First, go into the browser and make a new directory by pushing 'K'.

Name it binthis because I doubt you'll want to keep this test permanently.

Go into NextBASIC

type CD "binthis"

CD means 'Change Directory" and this is to make sure we save everything in here to keep things tidy.

Draw your sprite


in NextBASIC type: .spredit mysprite.spr

.spredit invokes the sprite editor.
mysprite.spr is the filename of your sprites (this doesn't actually create the file until you save it from the sprite editor. Also, don't put the name in quotes or it won't save).

The editor loads. Feel free to scribble over the top of the first sprite, or if you just want to get on with things, just hit Shift-S to save.

Exit the editor with Symbol Shift and Space.

Displaying the Sprite in NextBASIC


Here's the meat of it.

10 BANK NEW spritey

This tells the Spectrum to reserve a bank in memory to load your sprite data into. "spritey" is just a variable name created with this command.

20 LOAD "mysprite.spr" BANK spritey,0,256

OK so this loads the sprite file into a memory bank.
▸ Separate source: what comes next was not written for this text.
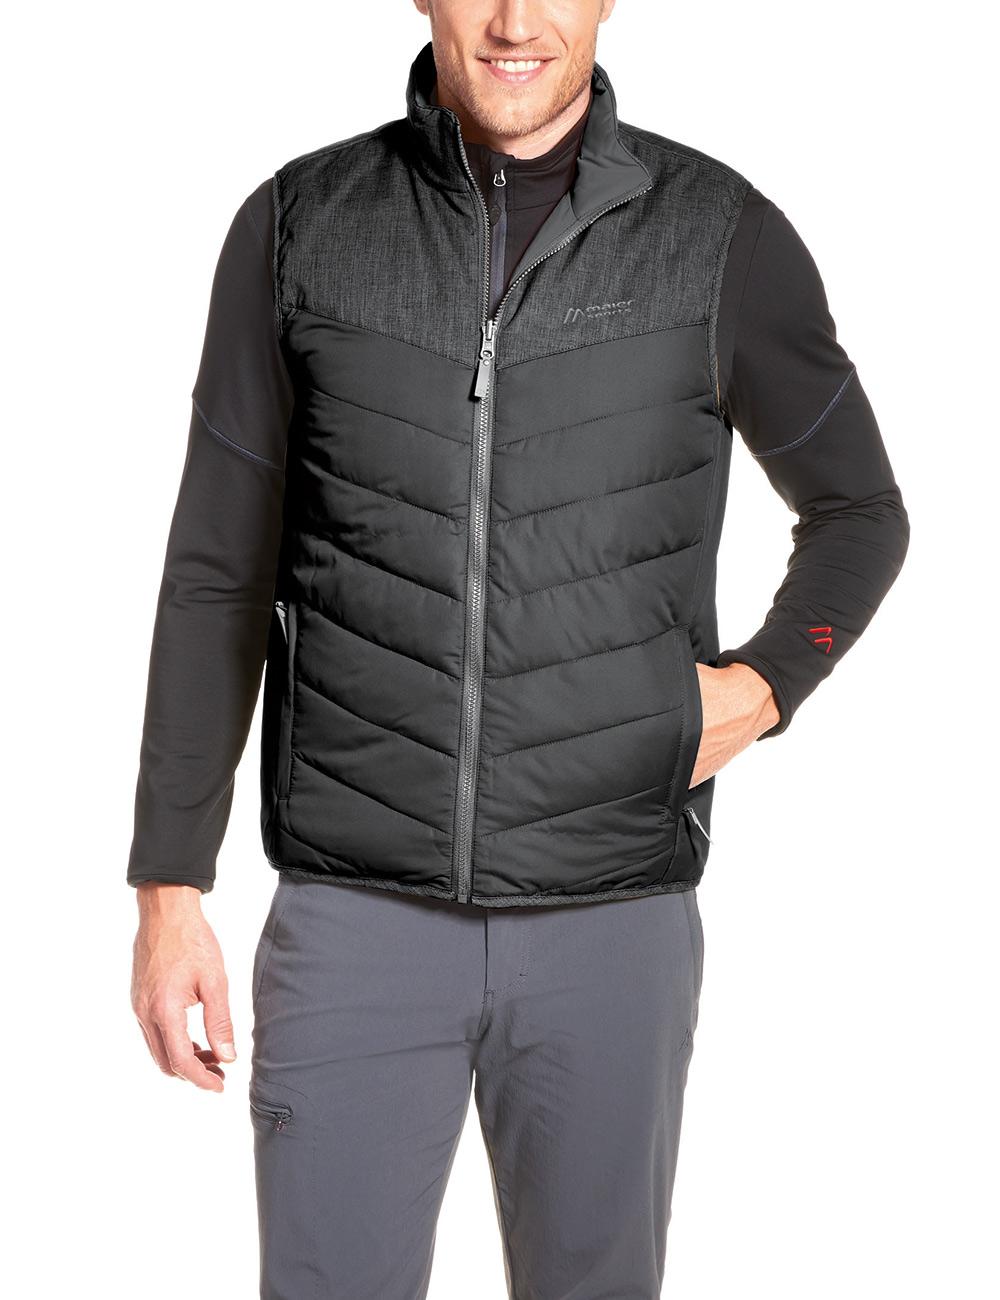 Maier Sports - Gero Vest - He-Weste/Wendew - black - 64
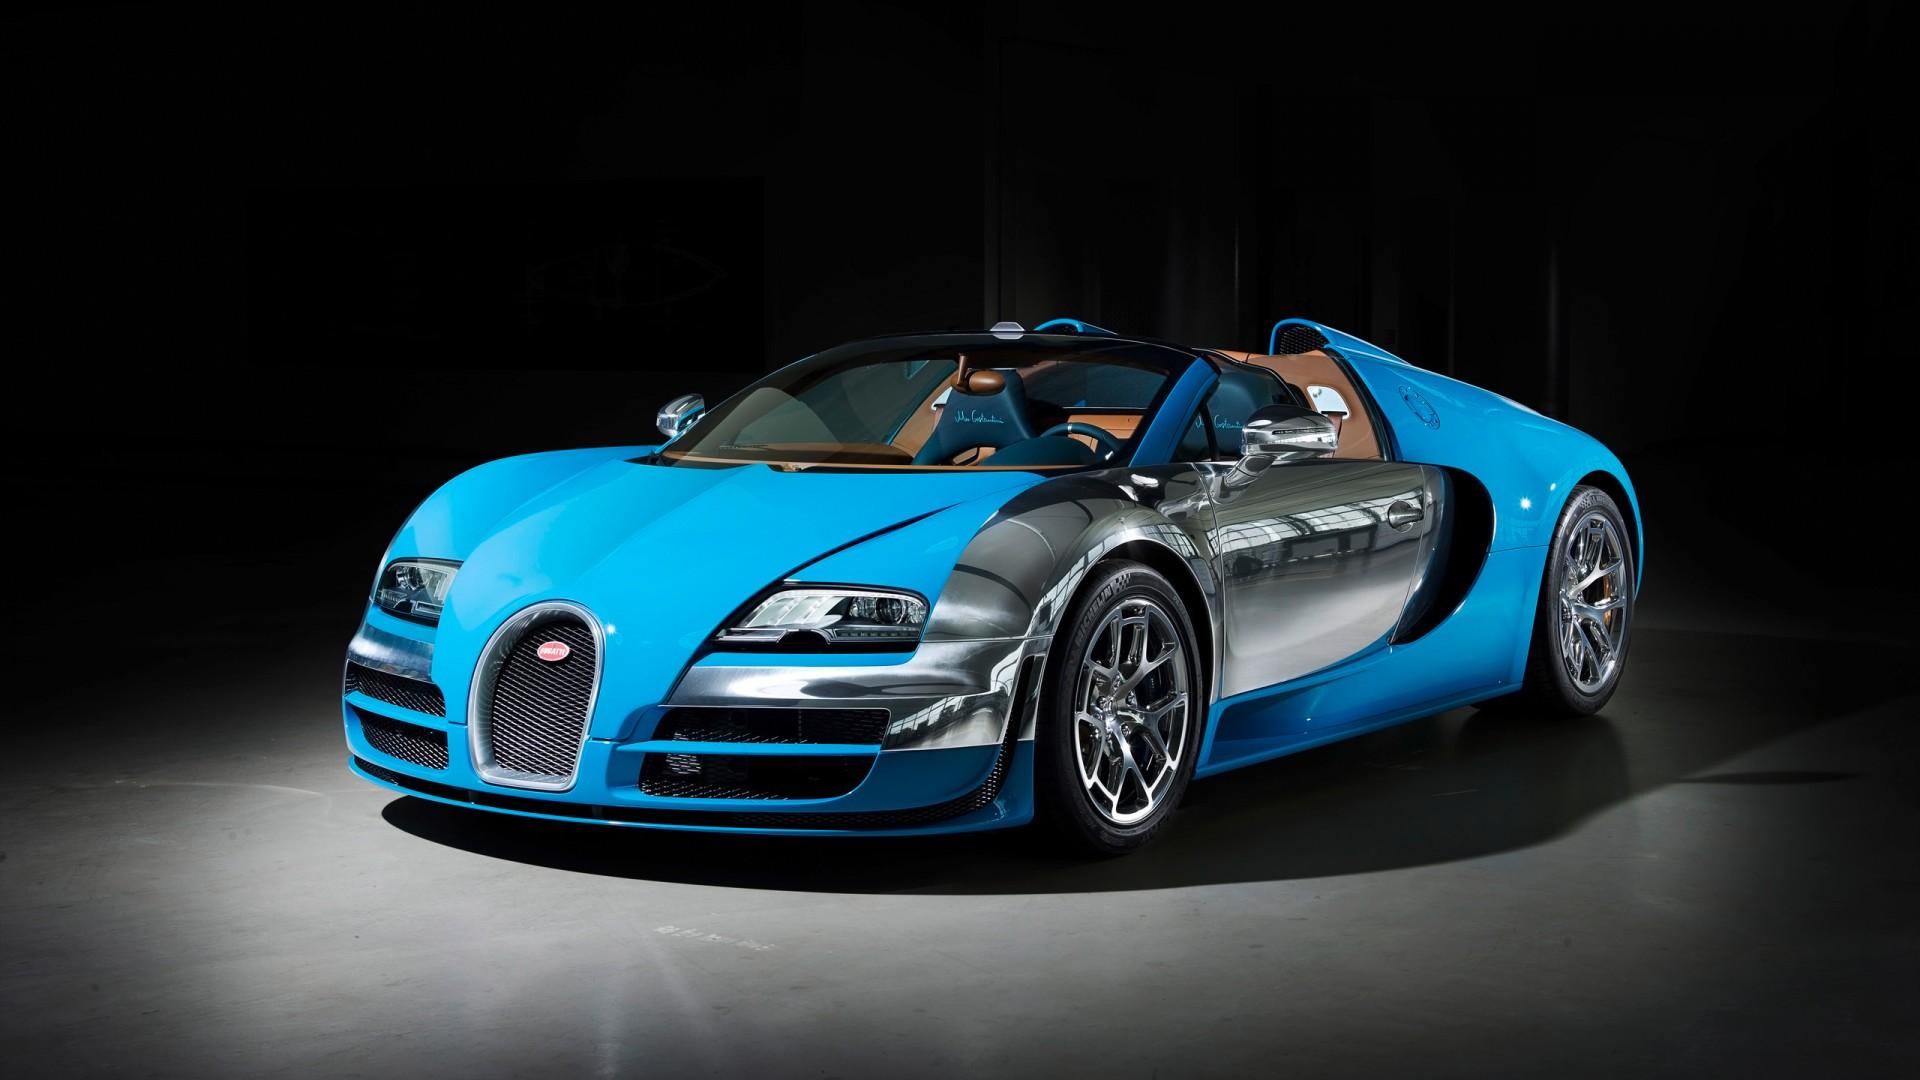 2013 bugatti veyron grand sport vitesse legend meo costantini wallpaper hd. Black Bedroom Furniture Sets. Home Design Ideas

In this case, the one called spritey.
The 0 is the where in the bank it loads the data - in this case 0 loads into the start of the bank.
The 256 is and amount of data to load. Each 16x16 sprite is 256 bytes. If you want to load in more than 1 sprite, just multiple the number by 256. We are loading just one.

30 SPRITE BANK spritey

This tells the Next to use the data in bank spritey for sprites.

40 SPRITE CLEAR: SPRITE PRINT 1

This clears the screen of any sprites that might be there from other programs, then it sets all sprites to visible. Setting the value to 0 makes all sprites invisible.

50 SPRITE 0,80,80,0,1

This is the command to draw a sprite onto the screen. The variables are:
0 (The number of the sprite...this is an identifier and has no bearing on what graphic is used)
80,80 (The x,y position of the sprite on screen)
0 (The image/frame/pattern to use. This corresponds to the actual graphic data you saved in the sprite editor. We loaded one image. Images always start at 0. If we loaded 4 sprites, this number could be 0-3)
1 (This makes sure the sprite is visible)

RUN the program.

That's it, simple as that.

Feel free to save this example with SAVE "spritetest.bas" (use .bas as an easy identifier for basic programs).

Also feel free to go back into the browser and erase the whole folder with 'E'.


*Note. It's good practice to have the command BANK spritey CLEAR at an exit point in your program, otherwise if you keep running it, the Next will keep allocating new areas and you'll get at Out of Memory error.